David Mytton (01:48): And how should developers try and convince their team to care about it then? If you've got an individual developer who's really interested in the privacy aspects, but they're always competing business needs. And depending on where you're working, how should someone think about that?

Cate Huston (02:03): Yeah. I mean I'd encourage people to think not about what they can add, but what they can remove. Like, what analytics frameworks have been added? What are you really getting from them? And what do you really need? And all of the things that you add to an application. For example, add to the bill time, add to slow things down. And many of them, for what purpose? There's so many apps that are getting shipped with so many different analytics frameworks embedded, all tracking different things. I am very skeptical that anyone's getting that amount of value there, relative to the cost of what it's adding to the app.

But then the second thing... I think this is why what Apple's been doing is so important. Because, they ask the app not to track things. It's not clear that many apps are obeying it. But actually the threat of not making it through the App Store process, has always been one of the strongest levers that developers have had to do the right thing. And so now it's like, well, we have to respect this setting. Because otherwise, we can be rejected from the App Store. And that's a strong starting point.

David Mytton (03:03): So that's the benevolent dictatorship model I suppose, of someone like Apple, who's got the power to force that. Even though there's not really any code level or programmatic enforcement of it. It's just a preference box to the user. It's forcing the developers to be better.

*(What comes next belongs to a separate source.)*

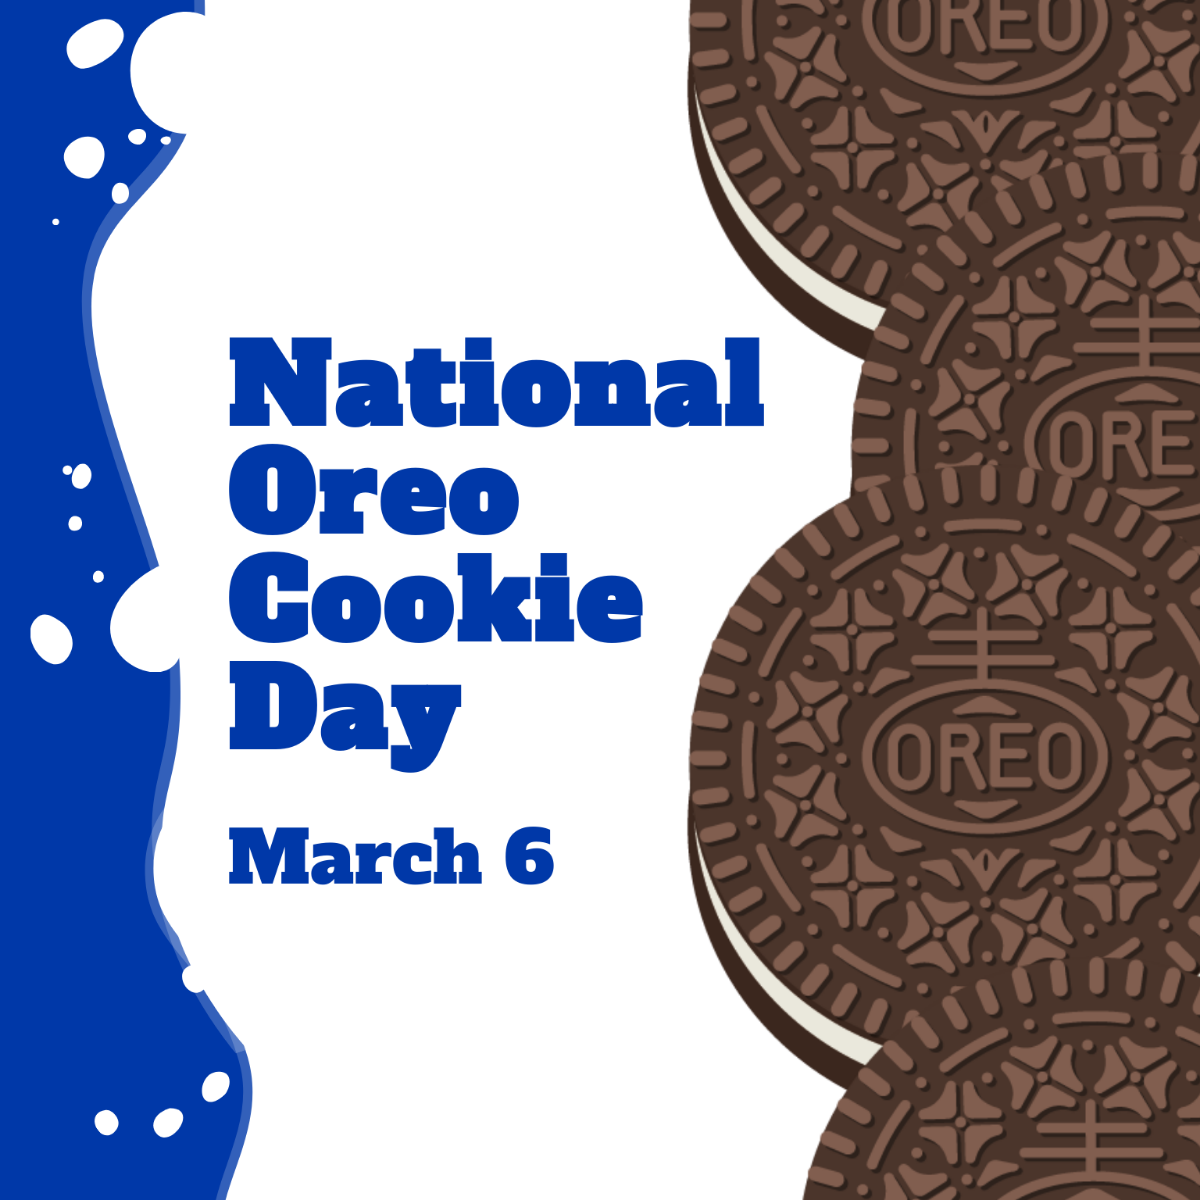 National Oreo Cookie Day Flyer Vector Template Edit Online & Download

Cate Huston (03:17): Well just because they can't now or don't now, doesn't mean that they won't be able to. And they also have the privacy nutrition labels, and those were pretty telling.

David Mytton (03:29): Yeah. So you saw all the apps update those, and then there were some companies that didn't update for a while because they were still thinking -

Cate Huston (03:35): Yeah. I wonder why. It's such a mystery.

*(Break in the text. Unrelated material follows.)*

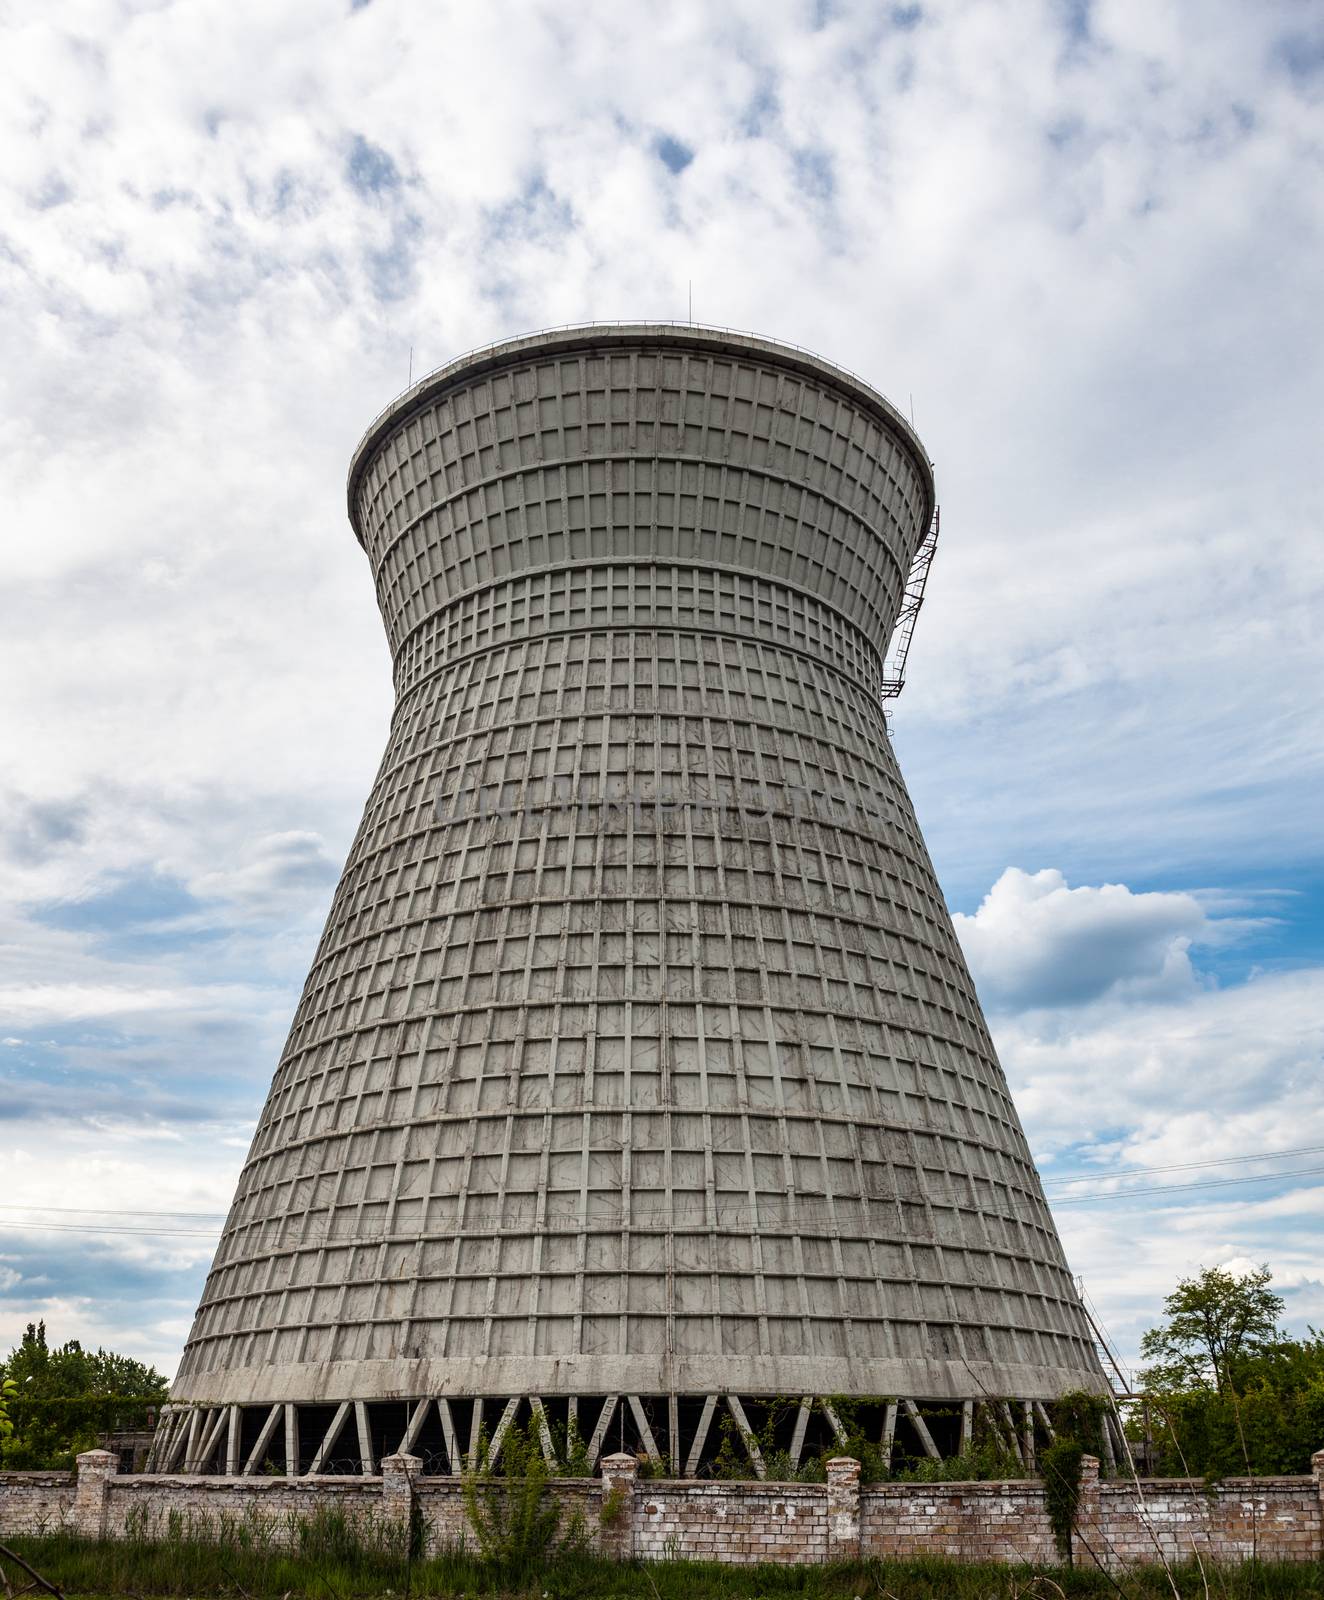 Cooling tower of the cogeneration plant in Kyiv, Ukraine.

David Mytton (03:39): Okay. So where would you advise developers to start, if they wanted to build privacy as a core feature into their product?

Cate Huston (03:46): Yeah. So I think looking at metrics is a really good place to start. For example, we don't track our users. We have anonymous metrics. And so what we can know is, how many times certain things were done. But we can't know who did them, and what they were doing at the time when they did it. So this does make some things harder. So sometimes, tracking down crashes is a bit more like being a detective. But mostly, it's good enough information for us to make informed decisions. And this is why my first set was, delete your analytics frameworks. Or at least some of them. Just delete one, to start with. Maybe another one next month. People are collecting all this data, but they don't use it. They can't use it, and they don't know what to do with it.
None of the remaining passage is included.